Models adjusted for state, categorized age, body mass index (BMI), current diagnosis of asthma, and smoking (never/past/current).

In analyses limited to women without current asthma (n=19,038), we observed similar associations of specific pesticide use with allergic wheeze (Supplementary Table 2). The association of two herbicides (dicamba and triclopyr) and one insecticide (malathion) with non-allergic wheeze no longer reached statistical significance, but the ORs remained elevated. When evaluating occupational exposures among women without asthma, we observed associations of handling moldy hay or straw and of cleaning grain bins weekly or daily with both allergic and non-allergic wheeze (Supplementary Table 3). Associations of currently raising animals on the farm showed similar results across wheeze subtypes whether women with asthma were included (Supplementary Table 4).

Discussion

Our study evaluated specific pesticides and farming activities in relation to allergic and non-allergic wheeze among 20,164 farm women from the AHS cohort. Current use of any pesticide and glyphosate were associated with both allergic and non-allergic wheeze. Diazinon and fly spray, both insecticides, were associated with only allergic wheeze, even after we excluded women with asthma. Although allergic and non-allergic wheeze had similar prevalence, the associations of pesticides with allergic wheeze generally were of greater magnitude; we observed a similar pattern among male farmers in the AHS (7). Our observations in men and women of the AHS are consistent with animal models that suggest the respiratory impact of some pesticides is stronger in those with allergy(17). Although associations differed between allergic and non-allergic wheeze for some exposures, we saw no strong evidence for differential associations between wheeze subtypes among women like we did among men, potentially because women used pesticides less frequently compared to men.

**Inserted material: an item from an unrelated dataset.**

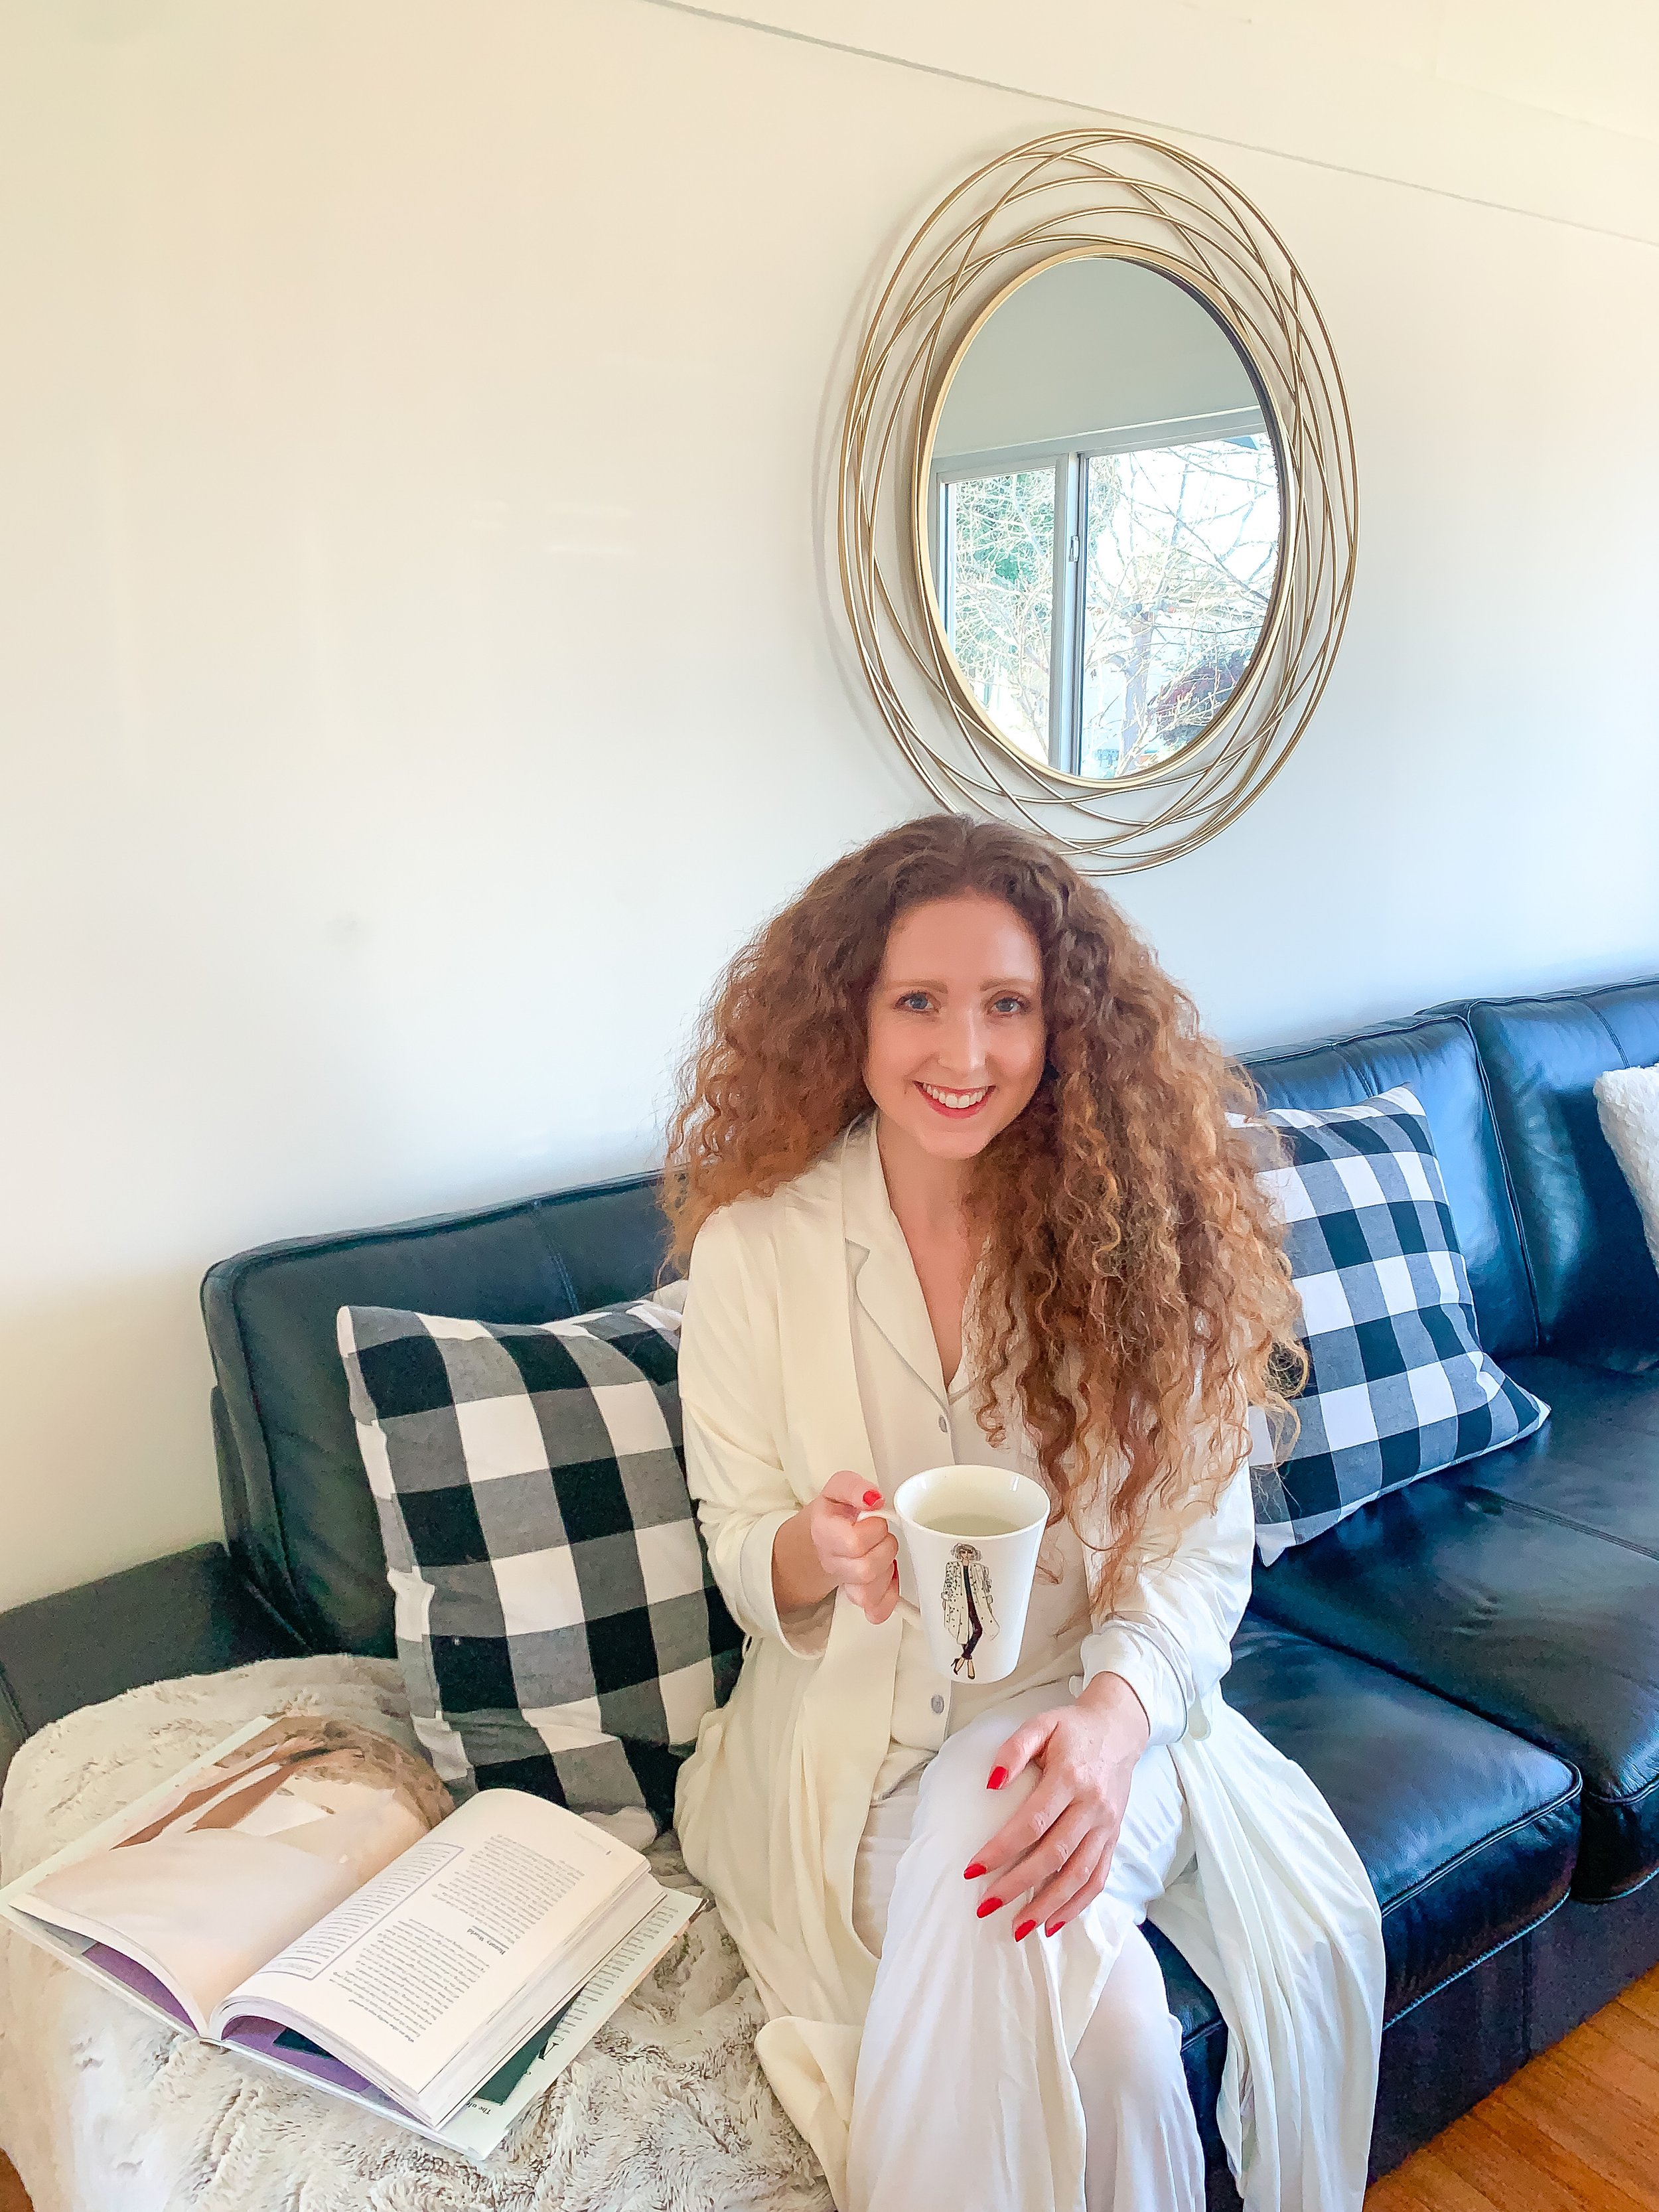 If you are looking for a Cozy Earth pajamas sale, then you found one! Use my Cozy Earth promo code CE-LORNA to get 40% off your Cozy Earth bamboo pajamas. You will not find a better Cozy Earth pajamas sale as this is the largest discount Cozy Earth i

Prevalence of allergic wheeze in our prior study of male farmers in the AHS(7) was comparable to the prevalence we observed among women in the current study; however, the prevalence of non-allergic wheeze among women (8%) was much lower than that among men (16%) (Supplementary Table 5). Women in the AHS used any particular pesticide less frequently than men. For example, glyphosate was the most commonly used pesticide in both women and men in the AHS; however, in women only 4.1% of women not reporting wheeze reported using glyphosate in the last year, whereas it was used by 56% of men not reporting wheeze. Other pesticides showed similar patterns of prevalence. Despite these differences in pesticide exposure prevalence, we observed several of the same associations in women as in men. Among both women and men, glyphosate was associated with both allergic and non-allergic wheeze. Similar to our findings, prior research has shown associations of glyphosate with atopic asthma among women farmers(11). On the other hand, we observed elevated associations for diazinon and fly spray with allergic wheeze for women that were not observed among men(7). Organophosphate insecticides have been associated with wheeze and asthma among adults in the AHS(1113,22) and other populations(6,23). Organophosphate insecticides contribute to airway hypersensitivity in animals by decreasing neuronal M2 muscarinic receptor function in the lungs(16). Further, allergen-sensitized animals have increased vulnerability to airway hyperactivity(17), a factor that may explain why we observed stronger associations with allergic than non-allergic wheeze.

Few studies of pesticide exposure and respiratory symptoms have focused on women. General or any pesticide use among farm women in different global regions has been associated with respiratory symptoms, including asthma and wheeze(9,10,24,25). Among rural women in South Africa residing close to farms, organophosphate and pyrethroid pesticide exposure measured using urinary metabolites was positively associated with asthma-related cytokines, markers for airway inflammation(26). Similarly, the organophosphate diazinon was associated with allergic wheeze in our analysis. In Costa Rica, a study of indigenous women (n=127) working on plantain plantations showed that exposure to organophosphate insecticides chlorpyrifos and terbufos was strongly associated with wheeze(23). We were unable to assess associations with chlorpyrifos due to its limited use among AHS women; no women reported using terbufos.

Interestingly, although select pyrethroids have been associated with wheeze in prior work(11), we did not observe any association with use of pyrethroids (permethrin, cyfluthrin, and pyrethrin) and our outcomes of interest. However, the frequency of use was low (<1% for any of the pyrethroids evaluated), limiting our ability to detect associations. In our prior analysis in men, pyrethrin use was associated with both allergic and non-allergic wheeze(7). Permethrin exposure has also been associated with wheeze among children(27).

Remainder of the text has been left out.